Testing, Testing, 1,2,3

Having met a few businesses recently that are fascinated by the power of TV having seen brands grow their audience and web visitors once they have made the step onto the big screen.

The underlying issue that I have seen though is the movement from a small, well controlled test into a big, badly controlled test. There is a belief that entrepreneurs are gambling risk takes that mortgage everything on the basis of a opportunity – in my experience this could not be more from the truth.

Generally startups that are successful take calculated and measured risks on the basis of test results that are statistically accurate and well thought through.

Let me give you my experience, when we decided to test TV in 2008, we shot a spot (60 second) to explain the concept of a delivered diet. This probably cost us around £25,000 which at that time was a massive investment for Diet Chef. But compare that with the test budget that we used for the campaign (£10,000) this was still a test that would cost under £40,000 to embark on.

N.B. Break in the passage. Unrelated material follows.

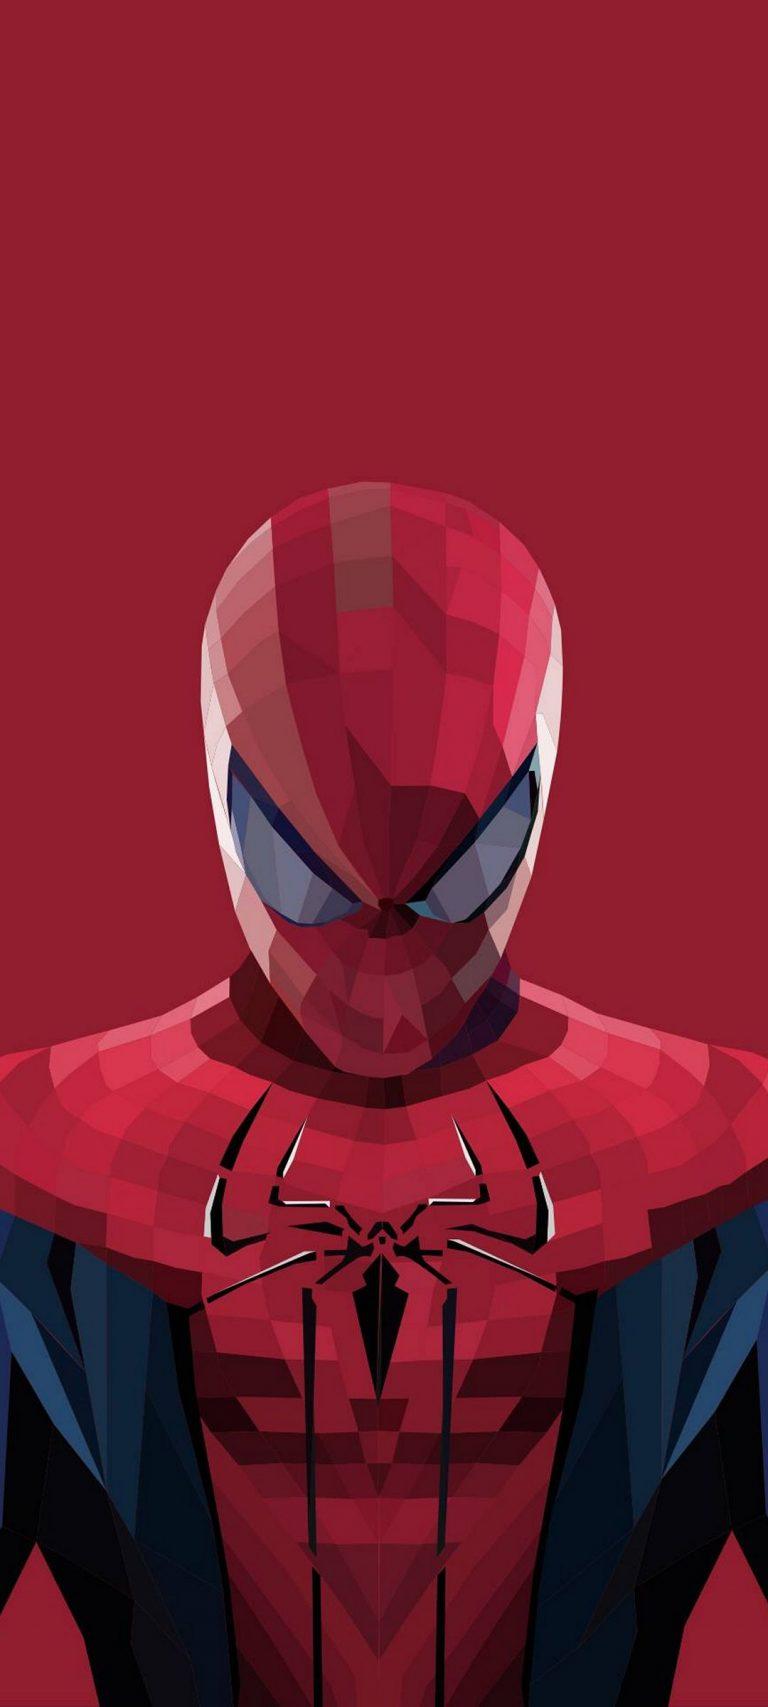 Superhero Spiderman Cartoon 1080x2400 768x1707

50% of the media budget didn’t work. So our total loss on that was £5,000, something that I would rather not do, but we could have been faced with 100% failure so we were generally encouraged to spend more on the channels that did work.

This is a classic split test, use our judgement to make some choices of channels that we think might work, split the budget, light touch paper and then measure and refine.

A number of new TV advertisers I know test with much bigger budgets, great if they can afford to at best to lose 50% and at worse 100% – think about this when you plan your entry in to the glamorous world of TV!